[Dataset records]
= Beginning of Section =
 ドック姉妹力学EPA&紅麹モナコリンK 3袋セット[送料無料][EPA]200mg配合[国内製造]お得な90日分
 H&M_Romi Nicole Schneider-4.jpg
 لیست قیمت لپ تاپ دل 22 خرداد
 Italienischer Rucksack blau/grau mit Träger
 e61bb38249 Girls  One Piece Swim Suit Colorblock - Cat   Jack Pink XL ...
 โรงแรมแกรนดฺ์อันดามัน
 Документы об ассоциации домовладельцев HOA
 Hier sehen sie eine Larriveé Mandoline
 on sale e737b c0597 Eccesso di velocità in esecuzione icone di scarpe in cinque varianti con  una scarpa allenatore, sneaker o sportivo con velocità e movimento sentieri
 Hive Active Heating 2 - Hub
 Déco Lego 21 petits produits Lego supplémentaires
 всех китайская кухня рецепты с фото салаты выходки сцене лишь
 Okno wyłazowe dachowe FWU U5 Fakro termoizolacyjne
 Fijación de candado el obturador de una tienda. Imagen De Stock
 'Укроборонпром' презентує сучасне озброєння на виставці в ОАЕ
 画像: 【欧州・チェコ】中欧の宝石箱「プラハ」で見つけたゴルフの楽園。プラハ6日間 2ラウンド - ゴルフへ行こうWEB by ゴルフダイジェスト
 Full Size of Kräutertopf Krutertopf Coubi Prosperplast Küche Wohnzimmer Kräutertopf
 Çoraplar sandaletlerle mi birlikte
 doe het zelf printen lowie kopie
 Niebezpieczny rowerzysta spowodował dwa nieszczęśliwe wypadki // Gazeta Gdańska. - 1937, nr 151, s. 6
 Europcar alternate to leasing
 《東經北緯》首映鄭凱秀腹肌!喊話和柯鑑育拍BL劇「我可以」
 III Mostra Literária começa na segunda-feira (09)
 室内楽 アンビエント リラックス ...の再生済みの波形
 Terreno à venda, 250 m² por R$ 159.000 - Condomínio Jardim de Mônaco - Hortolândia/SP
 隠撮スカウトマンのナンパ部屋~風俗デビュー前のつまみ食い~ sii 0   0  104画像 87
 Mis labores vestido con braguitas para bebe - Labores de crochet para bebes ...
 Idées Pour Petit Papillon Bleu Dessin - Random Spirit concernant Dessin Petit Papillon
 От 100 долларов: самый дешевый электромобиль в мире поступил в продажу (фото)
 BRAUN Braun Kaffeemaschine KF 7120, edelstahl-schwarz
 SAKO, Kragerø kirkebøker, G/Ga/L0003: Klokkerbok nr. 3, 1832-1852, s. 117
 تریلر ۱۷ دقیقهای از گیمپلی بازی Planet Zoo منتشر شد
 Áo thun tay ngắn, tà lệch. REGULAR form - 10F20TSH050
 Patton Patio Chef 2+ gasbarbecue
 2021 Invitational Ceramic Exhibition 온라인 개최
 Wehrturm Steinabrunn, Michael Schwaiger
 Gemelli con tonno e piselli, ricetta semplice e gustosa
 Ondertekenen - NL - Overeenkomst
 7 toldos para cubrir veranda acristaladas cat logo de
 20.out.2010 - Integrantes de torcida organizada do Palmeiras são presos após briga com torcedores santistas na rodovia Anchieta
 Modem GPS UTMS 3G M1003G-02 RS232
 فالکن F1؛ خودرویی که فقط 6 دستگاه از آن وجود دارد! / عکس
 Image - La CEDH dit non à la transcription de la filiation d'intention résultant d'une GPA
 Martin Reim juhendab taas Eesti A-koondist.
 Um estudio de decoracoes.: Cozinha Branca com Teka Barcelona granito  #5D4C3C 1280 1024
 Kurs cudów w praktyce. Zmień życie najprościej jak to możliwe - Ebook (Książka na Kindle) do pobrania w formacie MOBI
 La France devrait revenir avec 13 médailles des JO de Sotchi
= End of Section =
## TASK OBJECTIVE
Note every line above where the string "фото" shows up, and copy those lines.

## WORKED SOLUTION
 всех китайская кухня рецепты с фото салаты выходки сцене лишь
 От 100 долларов: самый дешевый электромобиль в мире поступил в продажу (фото)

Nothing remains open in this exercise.